I don’t want to be here. Perched halfway up Moonlight Buttress with five pitches of sustained 5.12 climbing above me, I am filled with dread. My fingers sting, my mind won’t be still, I feel exposure taunting me from all sides. For some reason, all I can think about is water. I want to float, to be surrounded and held, to let the smooth moisture soothe my gobies. I want to bury my head deep under the surface and hear nothing but silence. But instead, I cling to the vertical orange rock, a cacophony of voices shouting back and forth, beating on the walls of my mind. I don’t want to be here.

And one thing I know for sure about splitter sandstone climbing: you have to want to be there.

Moonlight seemed like the next step, I guess. I’ve been climbing for over six years. For the past few years I’ve absolutely devoted my life to the sport. The lifestyle. I’ve lived on and off in my van, wrote for Climbing Magazine, worked as a guide for multiple summers. I’ve taught clinics at festivals, traveled around the world on climbing trips, wore Outdoor Research clothing and proudly tagged them in social media posts. If anyone was watching, they had no reason not to think that I was a committed climber—an experienced climber—and I thought so, too. You could say it was my identity, I guess, although I liked to think I was made of so much more.

Identity is Progressive

The previous fall, I had moved to Bend, Oregon, hoping that year-round access to sport climbing would provide me the kind of routine I needed to continue grow as a climber. It was all with the aim of being able to scale some of my lifetime dream routes: Mate, Porro y Todo lo Demás on Fitz Roy, Thin Red Line on Liberty Bell, the Rostroman. Moonlight Buttress. But contrary to what I was anticipating, Bend calmed me down. I traded climbing plans for trail running. Made friends with non-climbers. Went to shows and read more books. Borrowed a mountain bike from a friend and experienced flow for the first time in a long while. Got a steady job and planned a surf vacation. Bought a pair of skis and explored the backcountry, then bought a house and explored domesticity. I was really happy—but my enthusiasm for climbing was waning. I needed it less, I suppose.

Want > Should

Moonlight still felt like something I should do, though. As a climber—a devoted, “lifestyle” climber—it felt like something I should want to do. A lot of my friends had done it, and I had even climbed it many times before. Heck, I had effectively sent the route six months previous, but hadn’t led the crux pitches. My partner Becca was psyched, and even if my enthusiasm didn’t quite match hers, I said yes to the plan and drove my old blue van through the desolate west that connects Bend and Zion National Park. I couldn’t sleep the first night I arrived, even though we were just rapping in the next day to top rope the crux pitches. This was supposed to be fun.
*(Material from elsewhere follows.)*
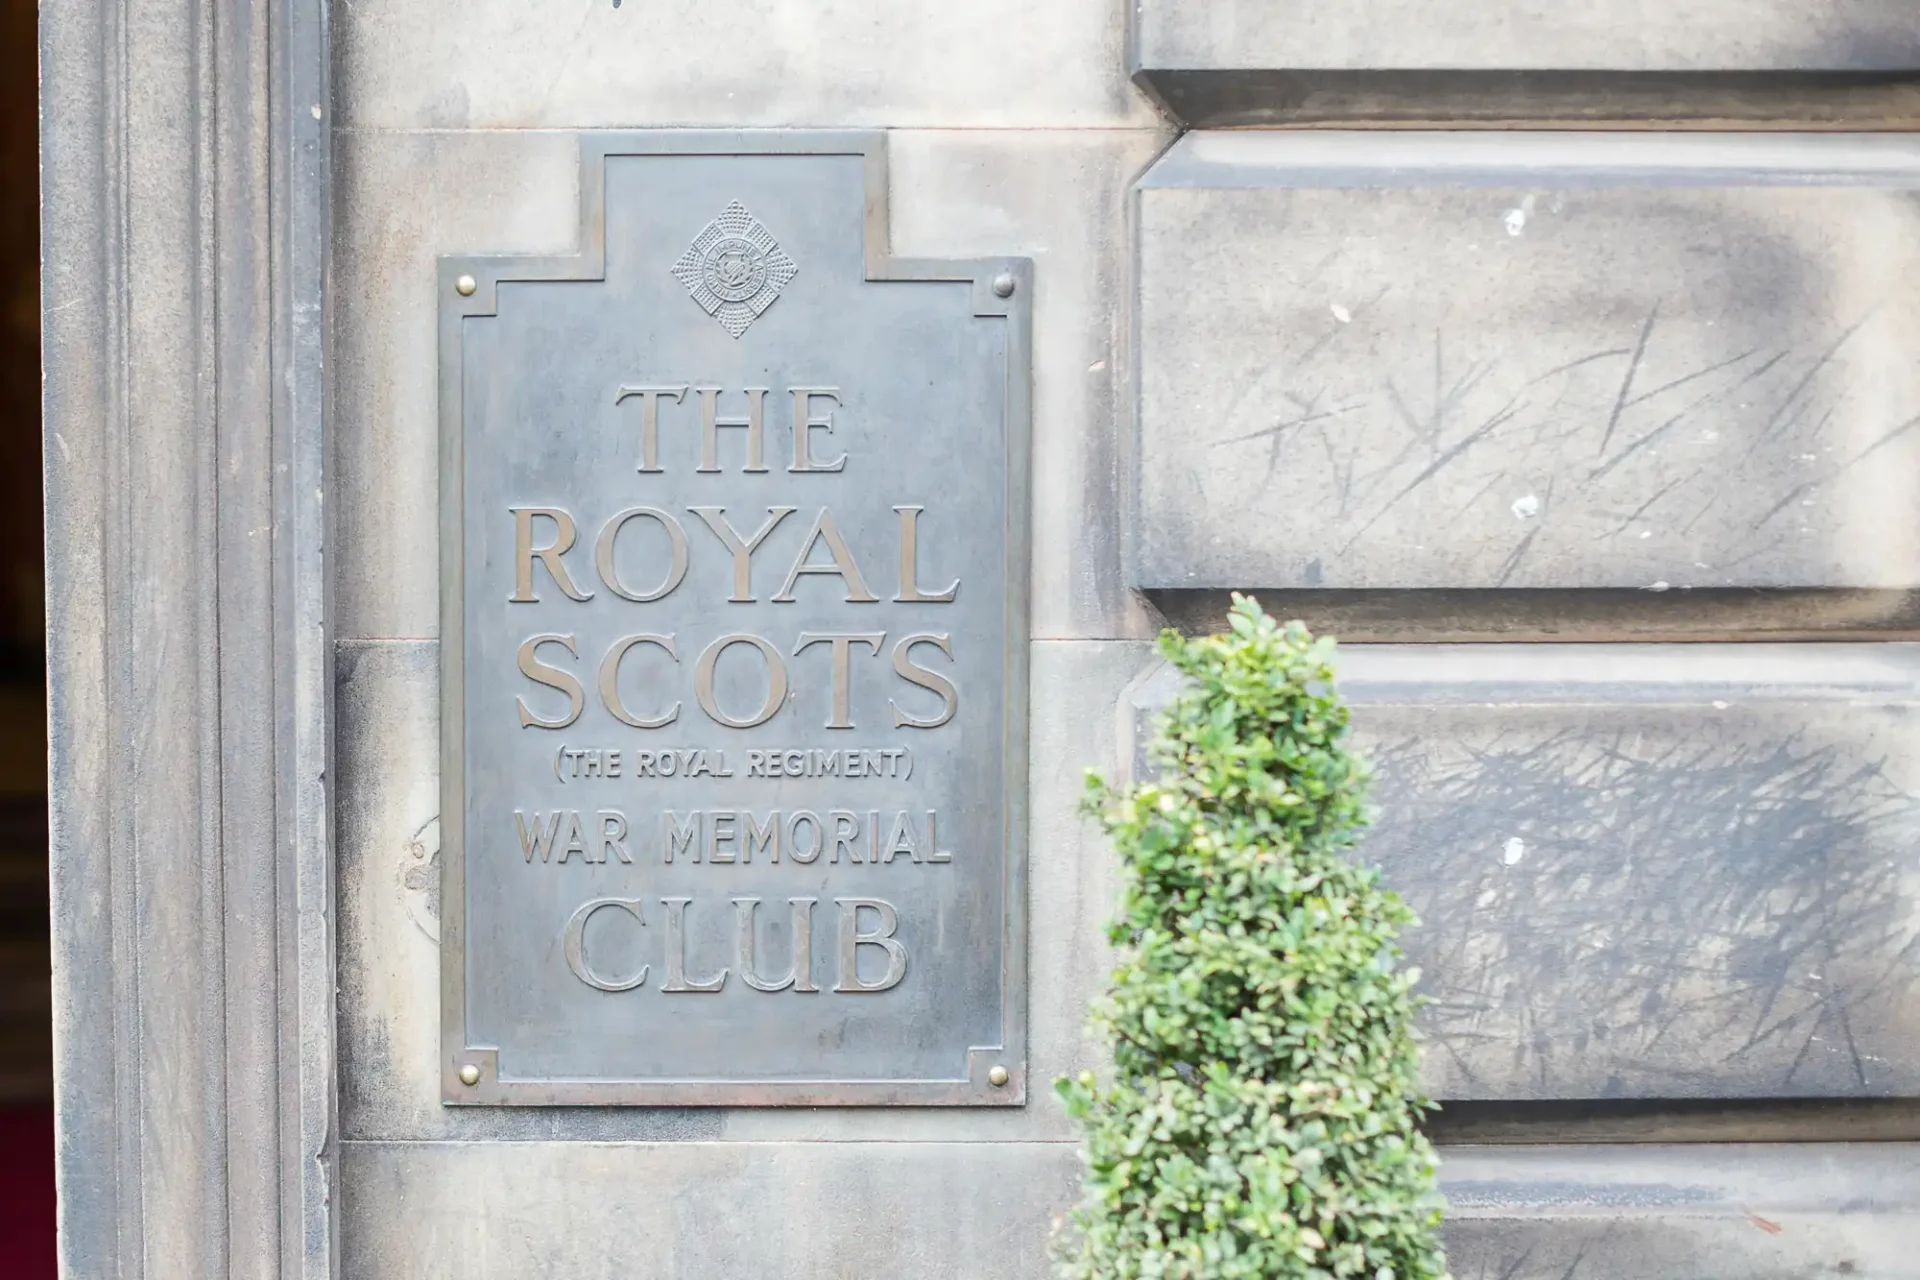 Bronze plaque labeled "the royal scots (the royal regiment) war memorial club" mounted on a stone wall beside a shrub.

But it wasn’t. I didn’t want to be there.

My body hurts, but more than that, my brain is tired. I am suffering inside, and I want to shut off my mind. My situation is far from dire—my safety is not in question, I’ll be okay in a matter of hours—but the dread is real. I tell Becca I want to go down—we’re not sending anyways. It’s the first time I’ve ever made such a suggestion during a climb. We have more than enough water, but I feel parched, inside and outside. I lace up my shoes slowly, willing myself to carry on, trying to suspend time.

There Are No Rules   

And so it was up high on Moonlight, midway through the #0.5 splitter, that I had a final reckoning with myself. I knew I had to finish the route that day, but I knew I didn’t need to come back. I didn’t want to be there, and I didn’t have to be there. And I didn’t have to want to be there either. There were no rules: no, “You’re not a climber unless you’re constantly setting goals and progressing.” No, “You should enjoy climbing 5.12,” or, “You’re a failure if all you want to do is climb less-than-vertical ridgelines in the mountains.” No, there were no rules, save for the ones I made for myself. My daily interpretations of the Instagram feed, my rampant comparison games, my measuring up and autopilot goal setting and mindless plan-making.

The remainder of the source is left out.